GRNet: Gridding Residual Network for Dense Point Cloud Completion

TL;DR

This paper introduces GRNet, a novel neural network architecture that uses 3D grids and differentiable layers to improve dense point cloud completion, preserving structural details better than existing methods.

Contribution

GRNet employs innovative differentiable layers for converting between point clouds and 3D grids, enhancing detail preservation in point cloud completion tasks.

Findings

Outperforms state-of-the-art methods on ShapeNet, Completion3D, and KITTI datasets.

Effectively preserves structural details in point cloud completion.

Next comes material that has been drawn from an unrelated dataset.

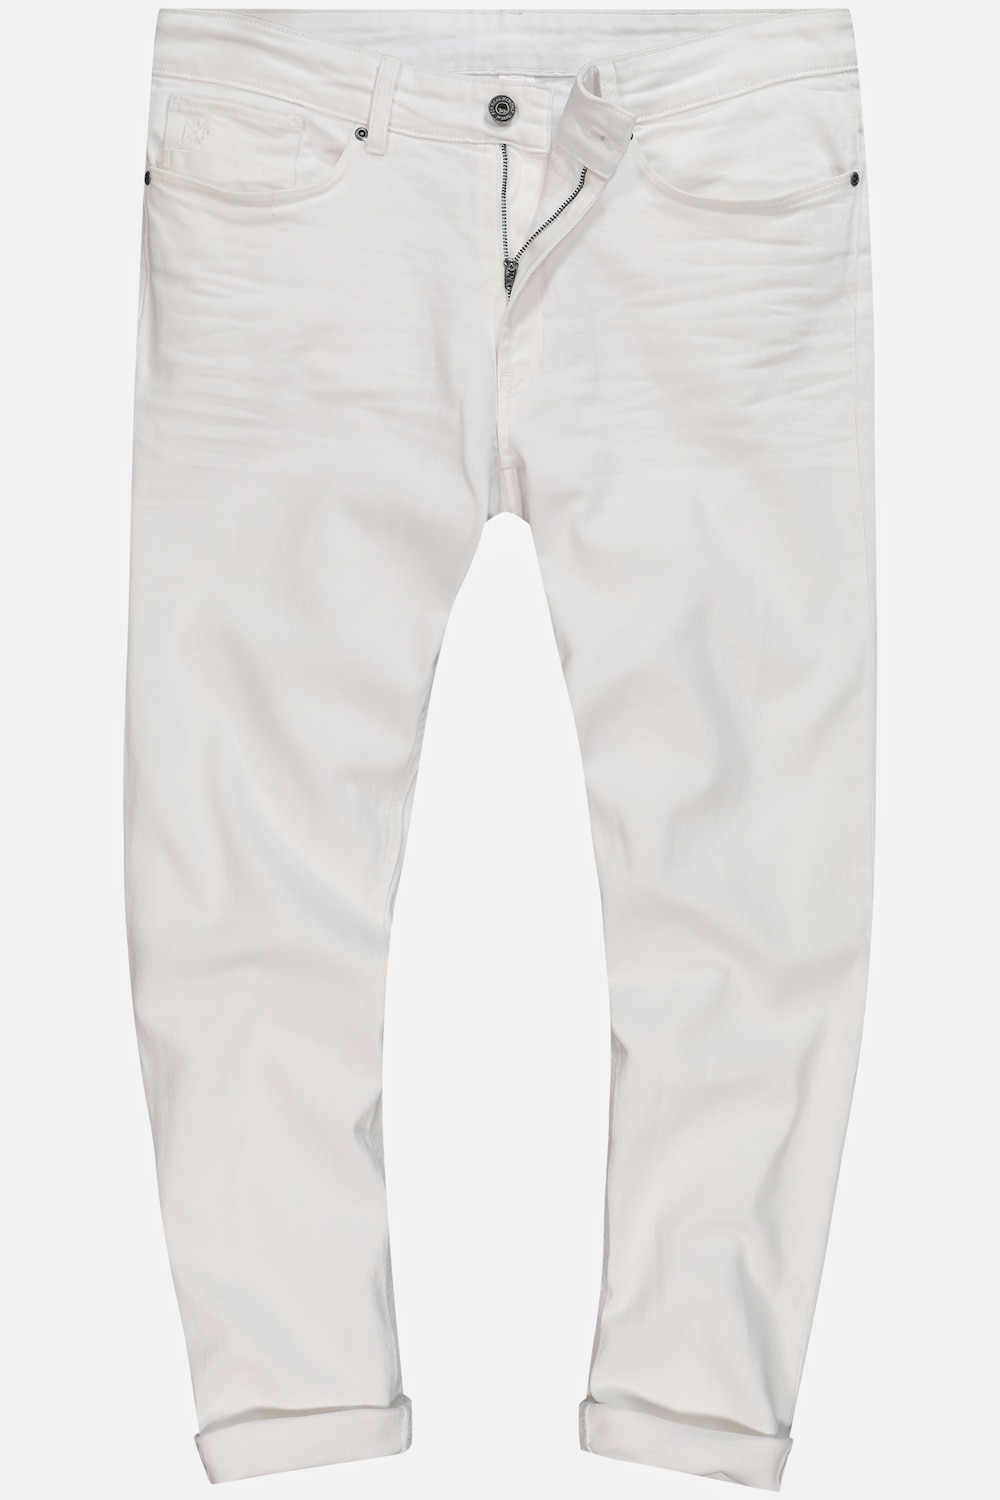 Grote Maten Jeans, Heren, wit, Maat: 54, Katoen, JP1880
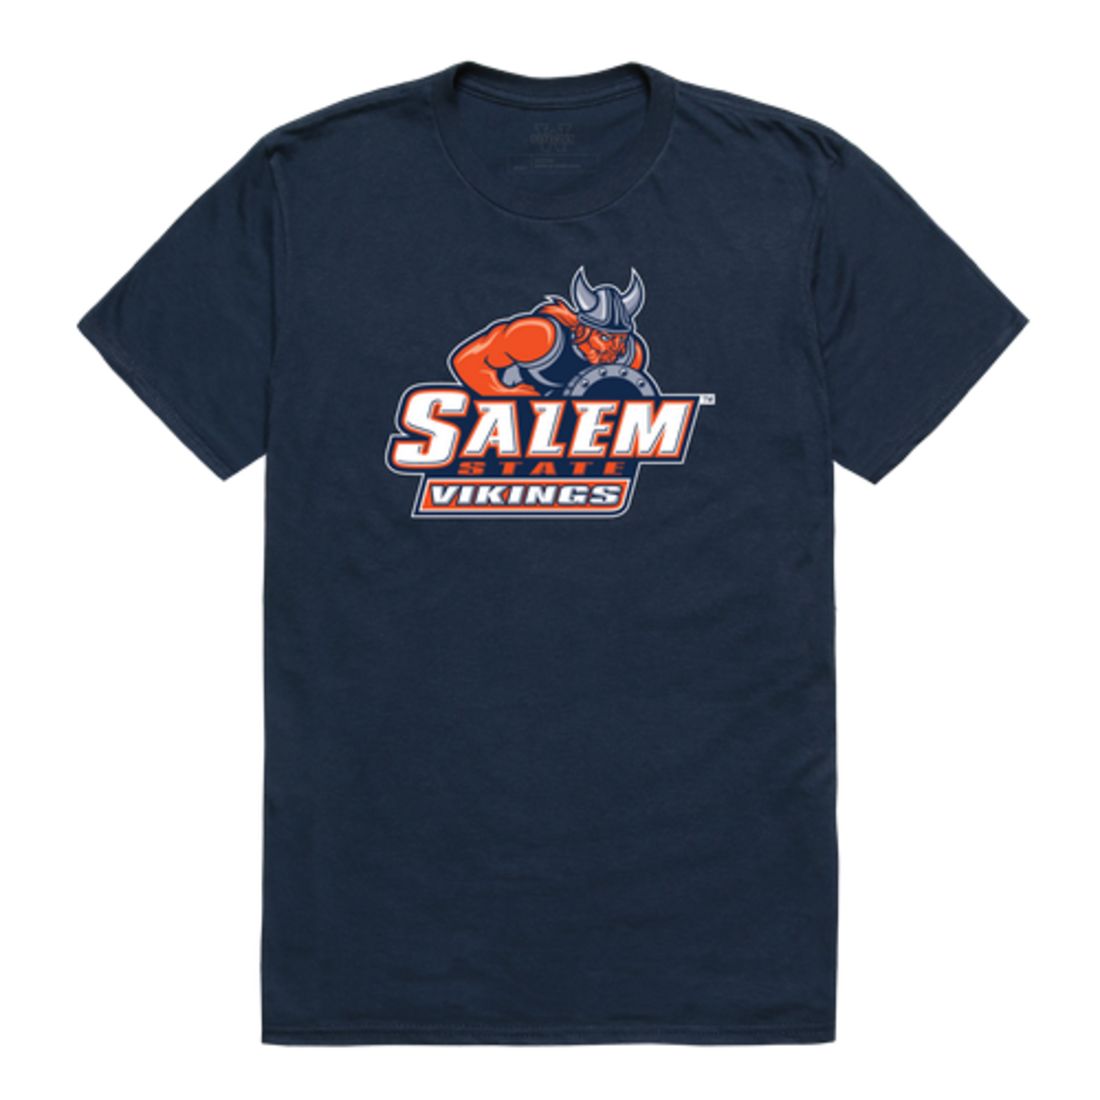 Salem State University Vikings The Freshmen T-Shirt Tee

Introduces novel differentiable layers for grid conversion and feature sampling.

Abstract

Estimating the complete 3D point cloud from an incomplete one is a key problem in many vision and robotics applications. Mainstream methods (e.g., PCN and TopNet) use Multi-layer Perceptrons (MLPs) to directly process point clouds, which may cause the loss of details because the structural and context of point clouds are not fully considered. To solve this problem, we introduce 3D grids as intermediate representations to regularize unordered point clouds. We therefore propose a novel Gridding Residual Network (GRNet) for point cloud completion. In particular, we devise two novel differentiable layers, named Gridding and Gridding Reverse, to convert between point clouds and 3D grids without losing structural information. We also present the differentiable Cubic Feature Sampling layer to extract features of neighboring points, which preserves context information. In addition, we design a new loss function, namely Gridding Loss, to calculate the L1 distance between the 3D grids of the predicted and ground truth point clouds, which is helpful to recover details. Experimental results indicate that the proposed GRNet performs favorably against state-of-the-art methods on the ShapeNet, Completion3D, and KITTI benchmarks.